AT, also called AT III, is the main inhibitor of thrombin and factor Xa, which plays a role in thrombin generation19. In our study, significantly lower ATIII activity in the initial and repeated IVIG-resistant patients was observed. This finding is consistent with previous reports20 and corresponds with the fact that inflammation leads to the activation of coagulation, and coagulation markedly affects inflammatory activity21. In the study by Xie et al., ATIII reduction was found to be closely related to the prognosis of patients with sepsis22. One possible explanation is that decreased ATIII activity increases fibrin formation and insufficient fibrinolysis, which could cause microvascular thrombus23. Therefore, based on the results of the present study, ATIII activity may be a risk factor for predicting IVIG resistance in patients with KD.
D-dimer is the smallest FDP (molecular weight: 180 kDa) in the process of fibrinolysis, it is relatively stable and considered the final product of fibrinolysis24.25. Previous studies have found that D-dimer is associated with severe sepsis or septic shock8. In our study, patients with initial IVIG resistance had higher D-dimer levels. This result was in line with a study by Panigada et al., who found that sepsis patients were characterized by higher levels of D-dimer8. Similar results were also reported by Wang et al., who demonstrated that elevated D-dimer was a risk factor for severe outcomes in patients with bacterial infections26. The above findings may be explained by the imbalance between the coagulation system and inflammatory pathways in infected patients as fibrinolytic activators and inhibitors modulate the inflammatory response by their effects on inflammatory cell recruitment and migration27, 28. In a study by Shorr et al., higher proinflammatory cytokine levels were found in those with higher D-dimer levels, indicating a potential relationship between the coagulation system and inflammation29. Therefore, in the acute stage of KD, increased D-dimer levels may be used as a predictor for initial IVIG treatment failure.
The strengths of this study were its prospective design and relatively large sample size. However, the present study has several limitations.

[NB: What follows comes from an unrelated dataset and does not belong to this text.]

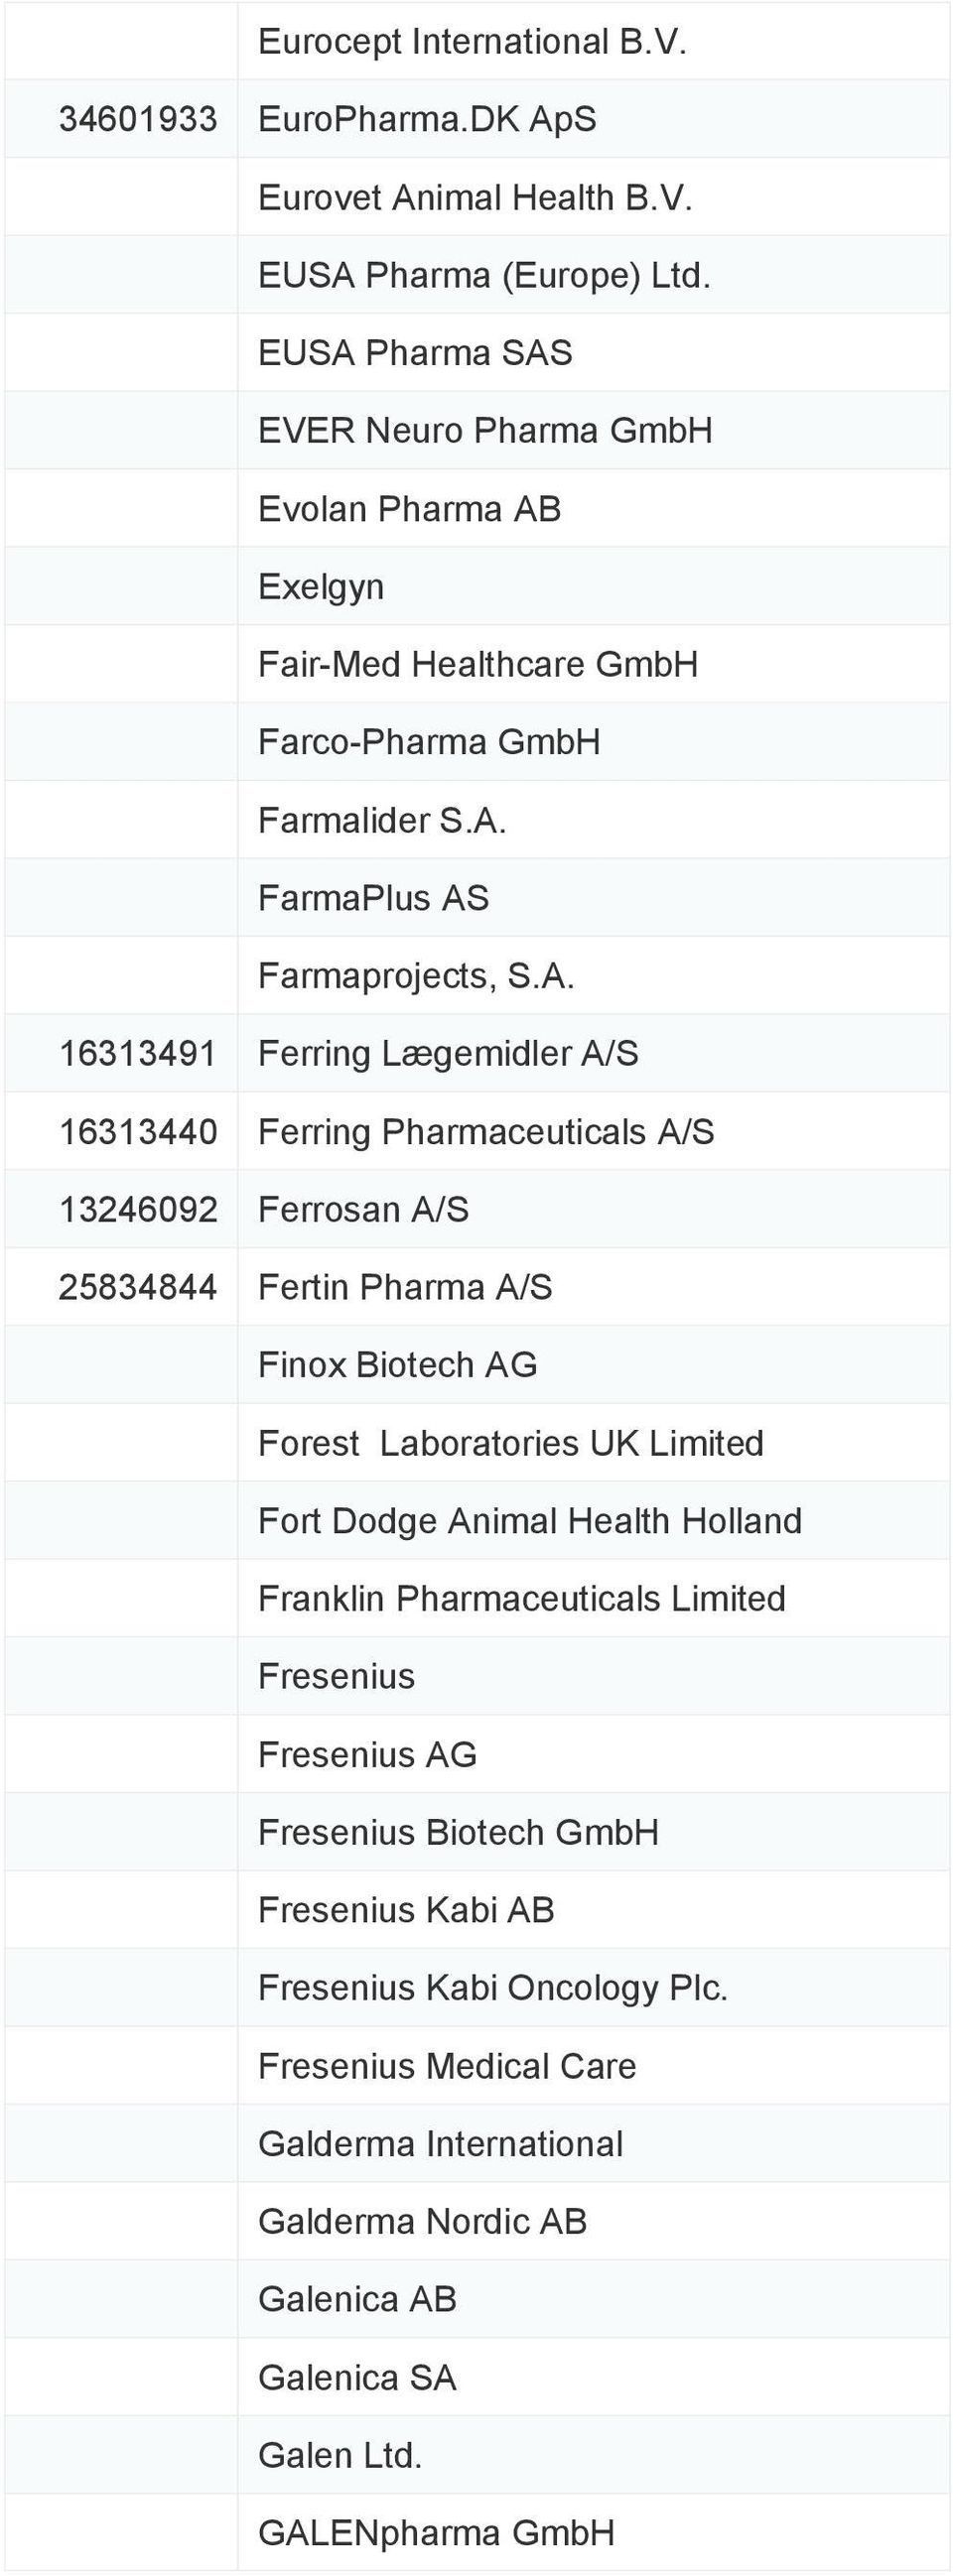 Lægemidler A/S 16313440 Ferring Pharmaceuticals A/S 13246092 Ferrosan A/S 25834844 Fertin Pharma A/S Finox Biotech AG Forest Laboratories UK Limited Fort Dodge Animal Health
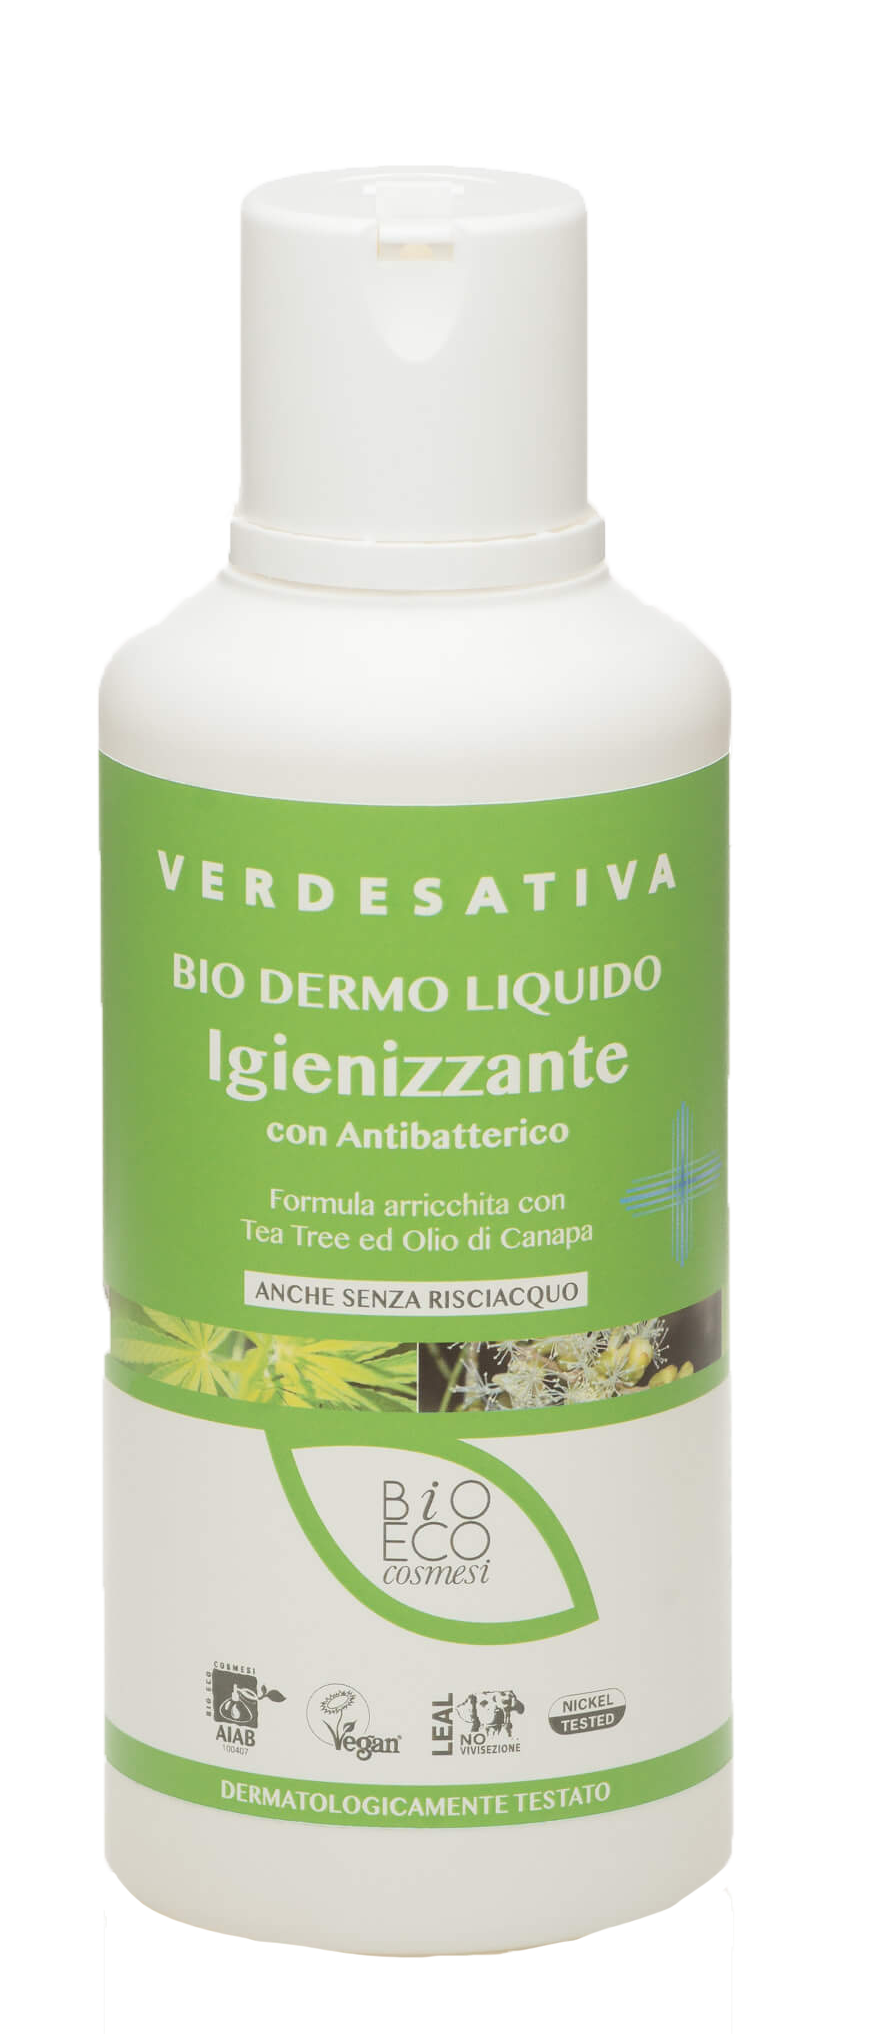 Verdesativa – Biodermoliquido Igienizzante

First, this study was performed at a single institution. Our hospital is the largest pediatric medical center in Southwest China, which may lead to a selection bias due to a higher number of severely ill patients being admitted to this facility. Second, the present study was a prospective cohort study with strict inclusion and exclusion criteria. The findings of this study are, therefore, applicable only to Chinese patients with KD receiving standardized IVIG treatment (2 g/kg) within 10 days of fever onset.
Despite these limitations, this prospective study is the first to report pronounced changes in PT, APTT, D-dimer levels, and ATIII activity in the acute stage of KD, which may serve as complementary laboratory biomarkers for predicting IVIG resistance. In addition, the predictive validity of ATIII activity as a single biomarker for IVIG resistance may be superior to other coagulation biomarkers with a relatively high sensitivity.